KeyError in knit.simple_annotate running annotate on a stacked branch

Bug #393366 reported by David I
12
This bug affects 2 people
Affects Status Importance Assigned to Milestone
Bazaar
Fix Released
High
John A Meinel

Bug Description

The following crash occurs consistently in a stacked branch create with bzr 1.15.1.
The same command in the parent repository runs correctly.

$ bzr annotate src/idbnewaccess/record_tables.txt
bzr: ERROR: exceptions.KeyError: ('record_tables.txt-20080609102156-ahxdt96jsifkgvt1-1', 'XXXXXXX@msdes004-20080613065152-m502g0j0kyg2ksz3')

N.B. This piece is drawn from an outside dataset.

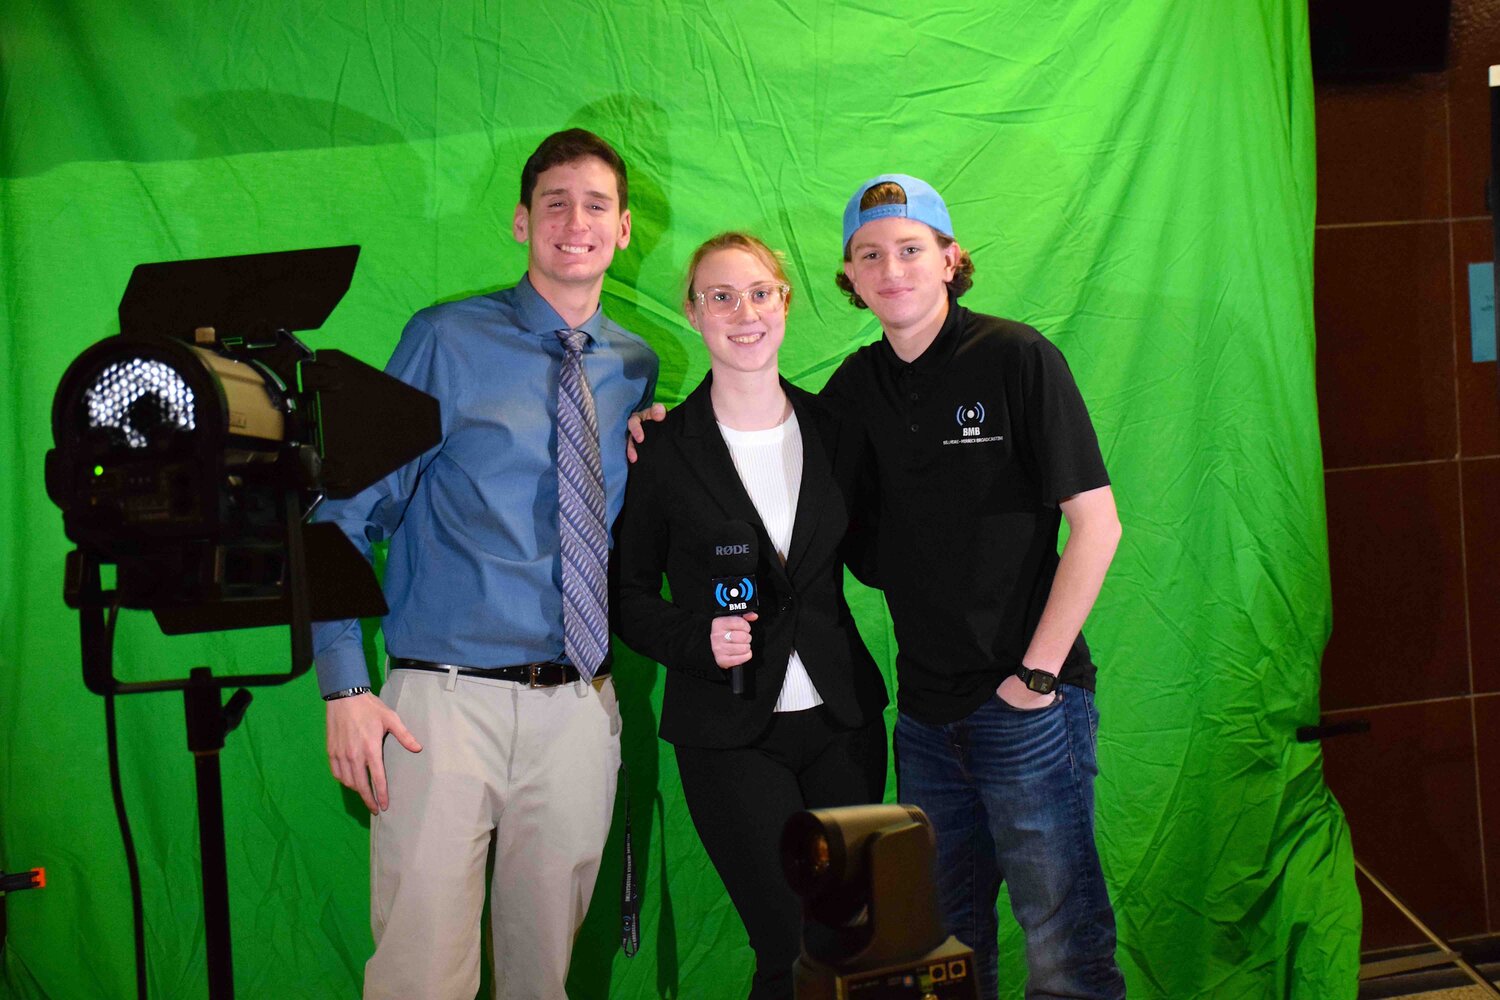 Tyler Steinberg, Brianna Boland and Ryan Marr of Bellmore-Merrick Broadcasting showed off the program’s green screen, giving visitors the chance to be weather forecasters.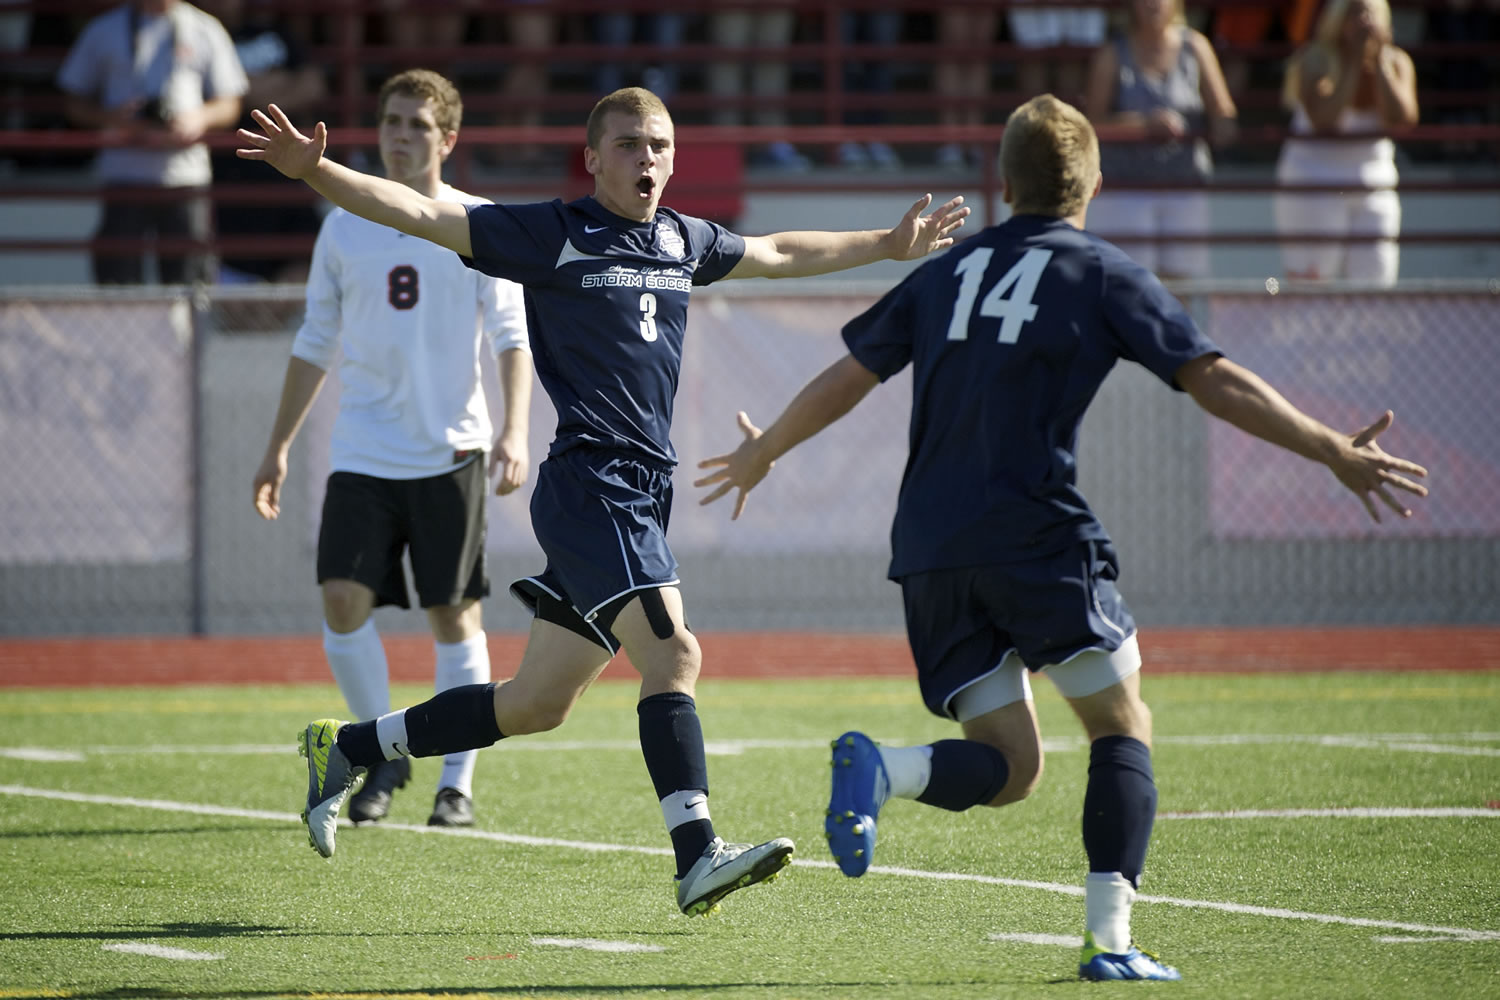 Carter Johnson, 14, and Austin Horner, 3, of Skyview High School celebrate a goal off a header during the first half against Central Kitsap in the boys 4A State Soccer Championship game Saturday May 26, 2012 at Carl Sparks Stadium in Puyallup, Washington. Horner set up the goal as Johnson scored from the pass. Skyview beat Central Kitsap 3-2.

Traceback (most recent call last):
  File "/data/id/release/bzr/bzr_20090616/lib/python/bzrlib/commands.py", line 729, in exception_to_return_code
    return the_callable(*args, **kwargs)
  File "/data/id/release/bzr/bzr_20090616/lib/python/bzrlib/commands.py", line 924, in run_bzr
    ret = run(*run_argv)
  File "/data/id/release/bzr/bzr_20090616/lib/python/bzrlib/commands.py", line 560, in run_argv_aliases
    return self.run(**all_cmd_args)
  File "/data/id/release/bzr/bzr_20090616/lib/python/bzrlib/commands.py", line 939, in ignore_pipe
    result = func(*args, **kwargs)
  File "/data/id/release/bzr/bzr_20090616/lib/python/bzrlib/builtins.py", line 4251, in run
    show_ids=show_ids)
  File "/data/id/release/bzr/bzr_20090616/lib/python/bzrlib/annotate.py", line 89, in annotate_file_tree
    annotations = list(tree.annotate_iter(file_id))
  File "/data/id/release/bzr/bzr_20090616/lib/python/bzrlib/decorators.py", line 138, in read_locked
    result = unbound(self, *args, **kwargs)
  File "/data/id/release/bzr/bzr_20090616/lib/python/bzrlib/workingtree.py", line 497, in annotate_iter
    return basis.annotate_iter(file_id)
  File "/data/id/release/bzr/bzr_20090616/lib/python/bzrlib/workingtree_4.py", line 1576, in annotate_iter
    annotations = self._repository.texts.annotate(text_key)
  File "/data/id/release/bzr/bzr_20090616/lib/python/bzrlib/knit.py", line 1006, in annotate
    return self._factory.annotate(self, key)
  File "/data/id/release/bzr/bzr_20090616/lib/python/bzrlib/knit.py", line 761, in annotate
    return annotator.annotate(key)
  File "/data/id/release/bzr/bzr_20090616/lib/python/bzrlib/knit.py", line 3567, in annotate
    return self._simple_annotate(key)
  File "/data/id/release/bzr/bzr_20090616/lib/python/bzrlib/knit.py", line 3607, in _simple_annotate
    parent_lines = [parent_cache[parent] for parent in parent_map[key]]
KeyError: ('record_tables.txt-20080609102156-ahxdt96jsifkgvt1-1', 'peter.scheeres@msdes004-20080613065152-m502g0j0kyg2ksz3')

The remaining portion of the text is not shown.